Subacute Encephalitis and Hypogammaglobulinemia

Author Affiliations

Memphis; Bethesda, Md
From the departments of pediatrics (Drs. Hanissian and deLamerens), neurology (Dr. Jabbour), and neuropathology (Dr. Garcia), University of Tennessee Medical Units, Memphis, and the Section of Infectious Diseases, Perinatal Research Branch, National Institute of Neurological Diseases and Stroke, Bethesda, Md (Dr.

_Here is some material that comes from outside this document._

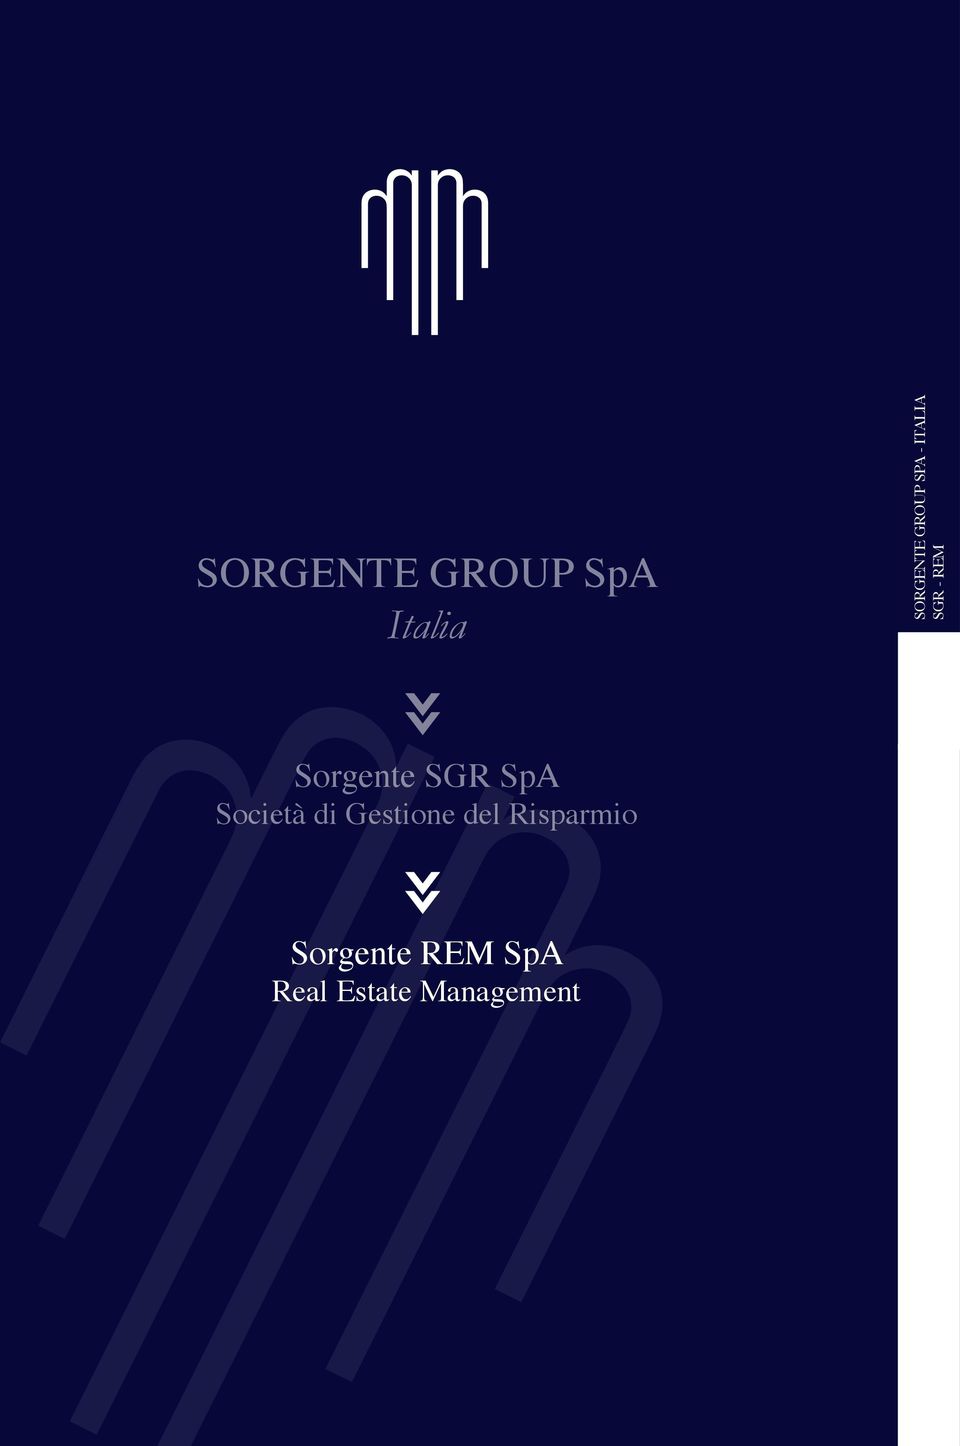 Risparmio Sorgente REM SpA Real Estate Management 28 Sorgente

Am J Dis Child. 1972;123(2):151-155. doi:10.1001/archpedi.1972.02110080129017

A 5-year-old white boy with X-linked hypogammaglobulinemia and subacute encephalitis developed paresis of the right upper and lower extremities, symmetrical polyarthritis, and bilateral basal bronchiectasis at 1 year of age. At 5 years, he was exposed to rubeola and received a preventive dose of γ-globulin. During the next six months he developed progressive mental and motor deterioration. Electroencephalographic pattern was consistent with subacute sclerosing panencephalitis. Brain biopsy revealed extensive inflammatory infiltrates but neither inclusion bodies nor viral particles could be demonstrated by electron microscopy. Immunofluorescence studies of the biopsy specimen and the ethanol fixed monolayer cell cultures revealed intracellular fluorescence specific for measles antigen. As expected, serologic studies for measles antibodies were negative. On the basis of clinical, EEG, and histopathologic studies, in the absence of measles antibodies in serum and cerebrospinal fluid, we chose the term subacute encephalitis rather than subacute sclerosing panencephalitis.